Neurodegenerative diseases such as Alzheimer’s and Parkinson’s affect millions of people worldwide, yet scientists are still trying to understand what causes neurons to fail gradually with age. Researchers at the Salk Institute have uncovered new evidence that iron accumulation within neurons may play a central role in this process. Their study, published in Cell Death Discovery, suggests that excess iron weakens the cells’ natural defences over time, making them increasingly vulnerable to stress and ultimately contributing to neurodegeneration. The researchers describe this newly identified process as chronoferroptosis, highlighting the importance of prolonged iron exposure rather than iron itself.
Iron is essential for human health, supporting oxygen transport, hormone production, immune function and energy metabolism. It is found in foods such as leafy green vegetables, whole grains, seafood and lean meats. According to co-corresponding author Dr Nawab John Dar, iron is not harmful in itself. Instead, problems arise when neurons gradually accumulate iron as people age. The researchers believe this buildup may occur because ageing neurons lose their ability to export excess iron after it has been used efficiently. While iron continues entering cells normally, it is not removed effectively, allowing it to accumulate over decades.
To investigate how this gradual buildup affects neurons, the team developed the first progressive laboratory model of chronic iron accumulation in human-derived nerve cells. Previous studies had typically examined the effects of iron exposure for only 24 to 48 hours, but neurodegenerative diseases develop over many years. The researchers therefore compared short-term exposure lasting several hours with chronic exposure over nine days. This approach allowed them to mimic the slow progression of iron accumulation that occurs during ageing and revealed biological changes that had not been observed in earlier experiments.

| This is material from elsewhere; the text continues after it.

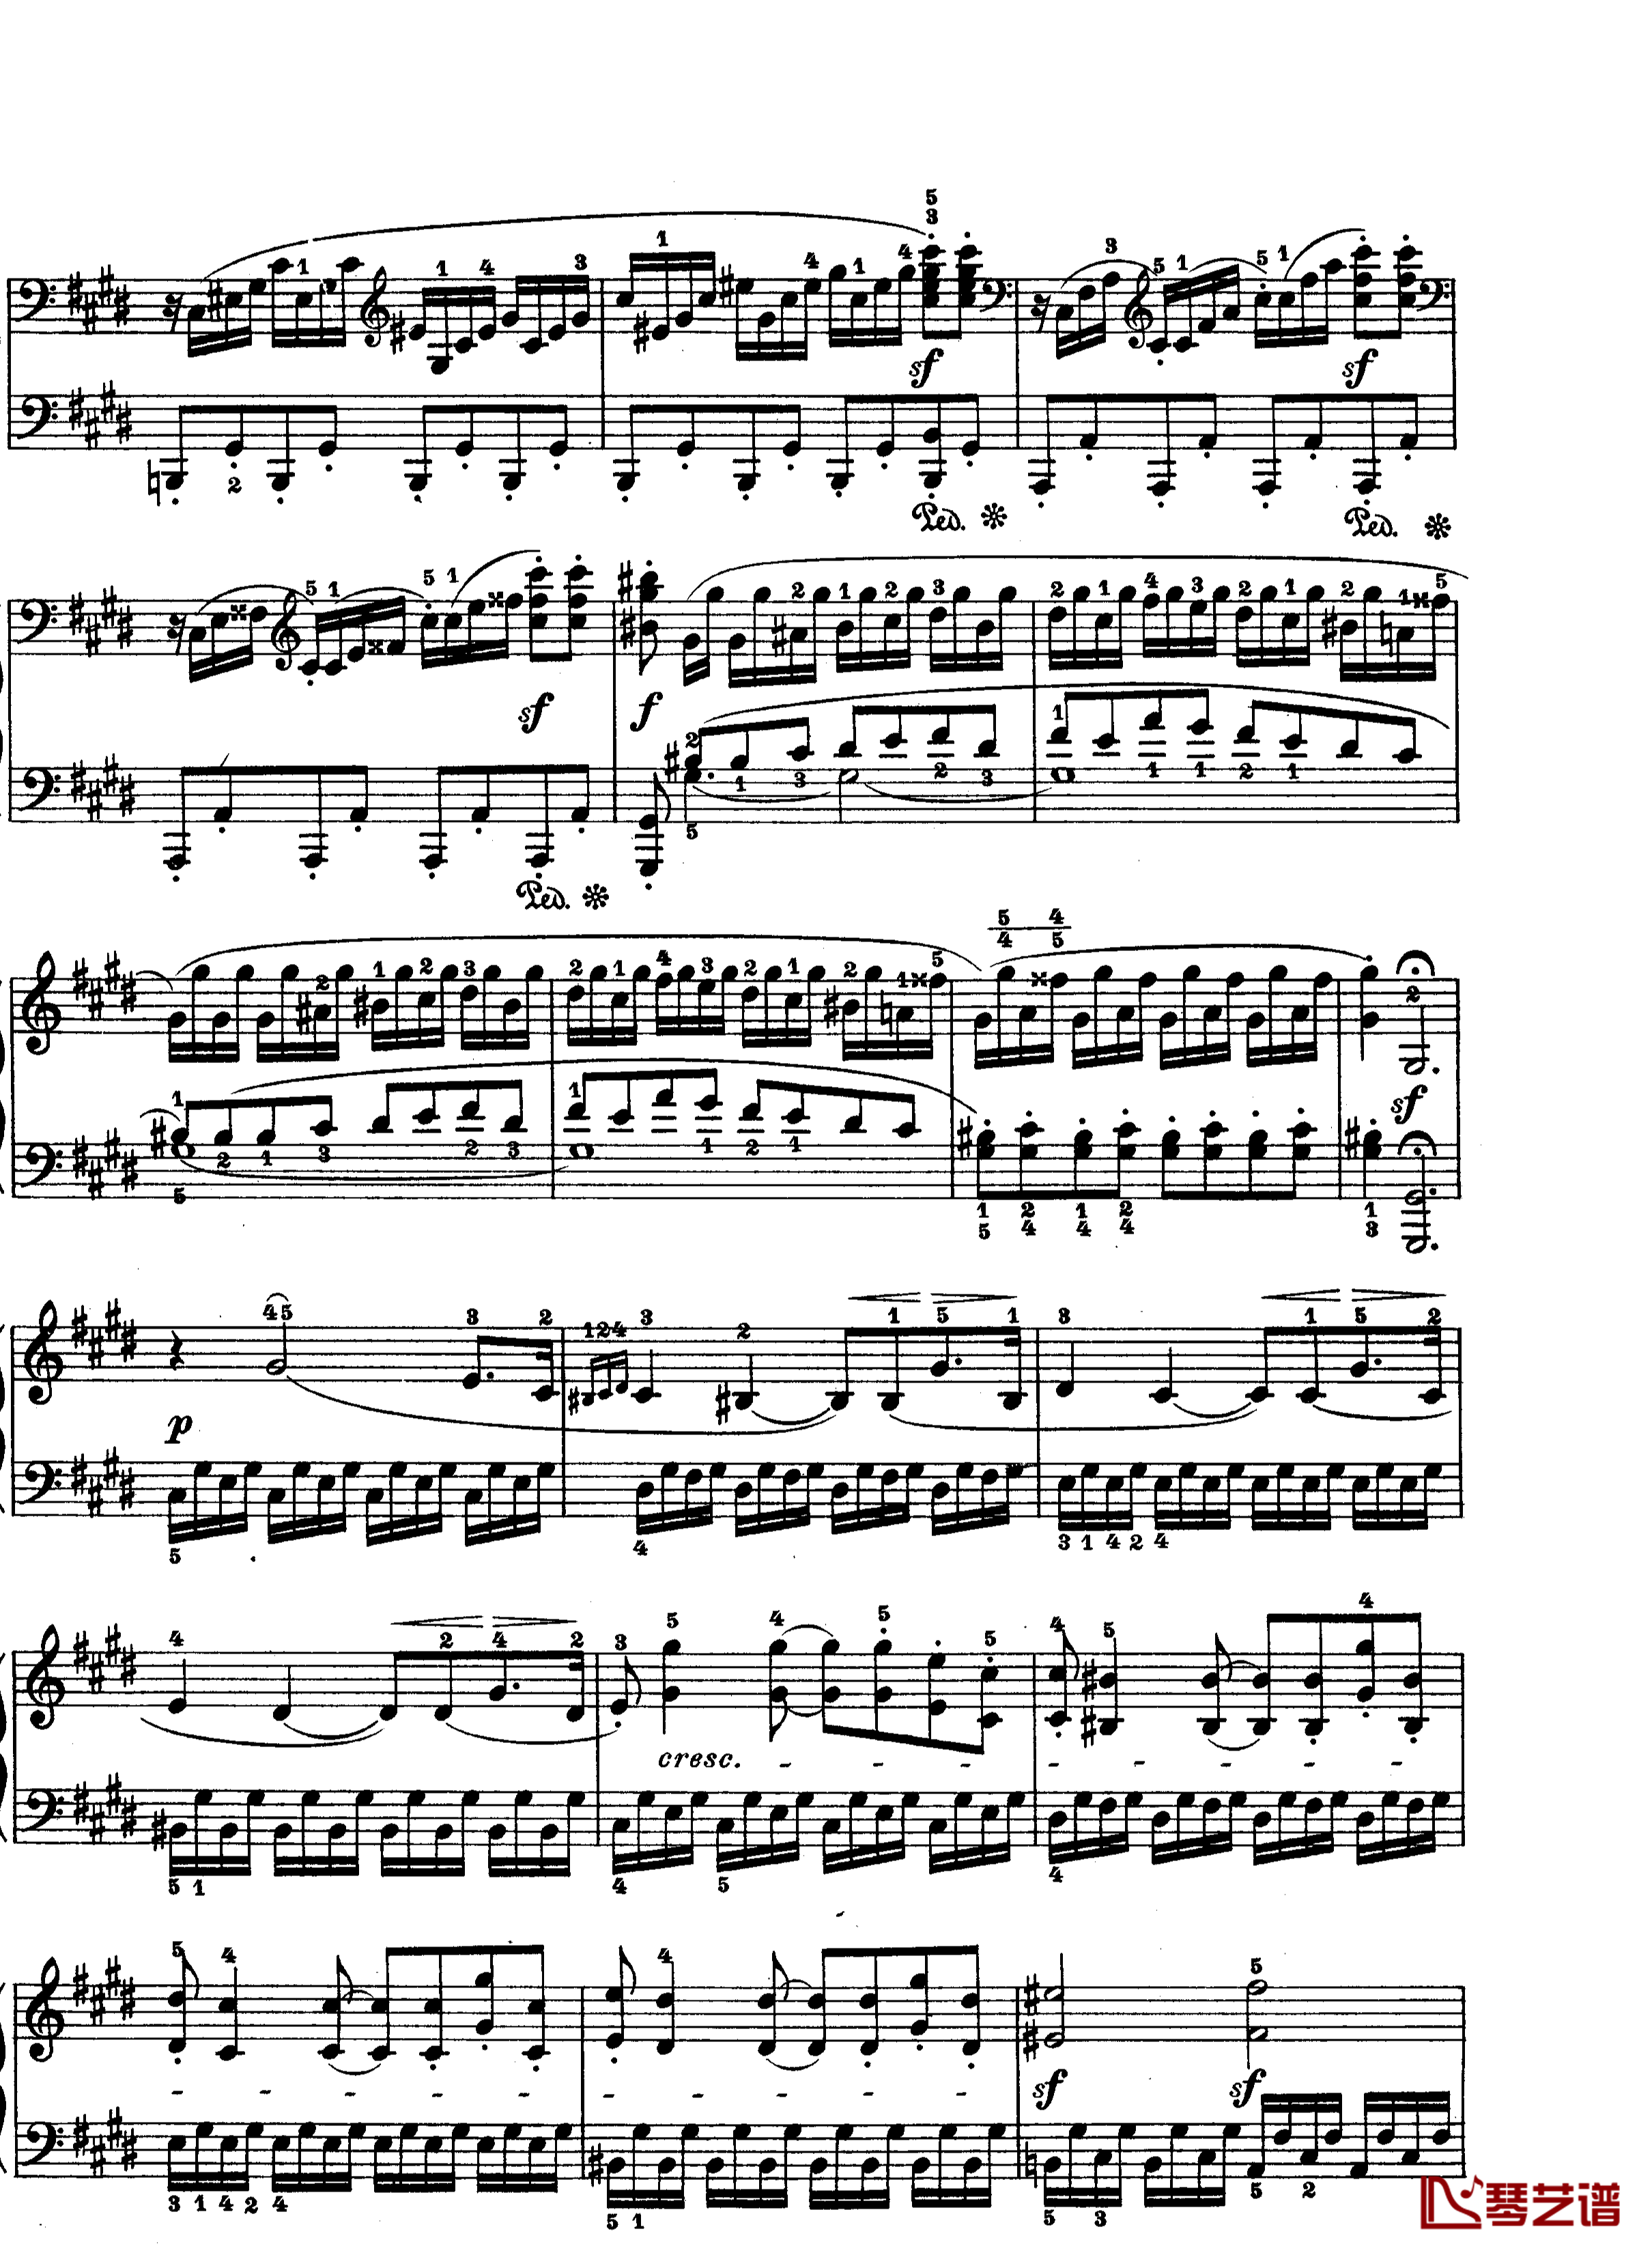 月光曲钢琴谱-第十四钢琴奏鸣曲-Op.27 No.2-贝多芬-beethoven10

The study identified chronoferroptosis as a previously unrecognised pathway linked to long-term iron accumulation. Unlike classical ferroptosis, an iron-dependent form of cell death driven by lipid peroxidation, chronoferroptosis does not necessarily kill neurons immediately. Instead, it acts as a chronic cellular stress state that gradually erodes neuronal resilience. Neurons exposed briefly to iron remained largely unchanged and were able to cope with additional stress. In contrast, chronically exposed neurons showed widespread biochemical alterations, including increased lipid peroxidation, disruption of iron-handling and antioxidant defence systems, accumulation of harmful molecules and depletion of protective compounds. As a result, these cells became far less capable of surviving further stress.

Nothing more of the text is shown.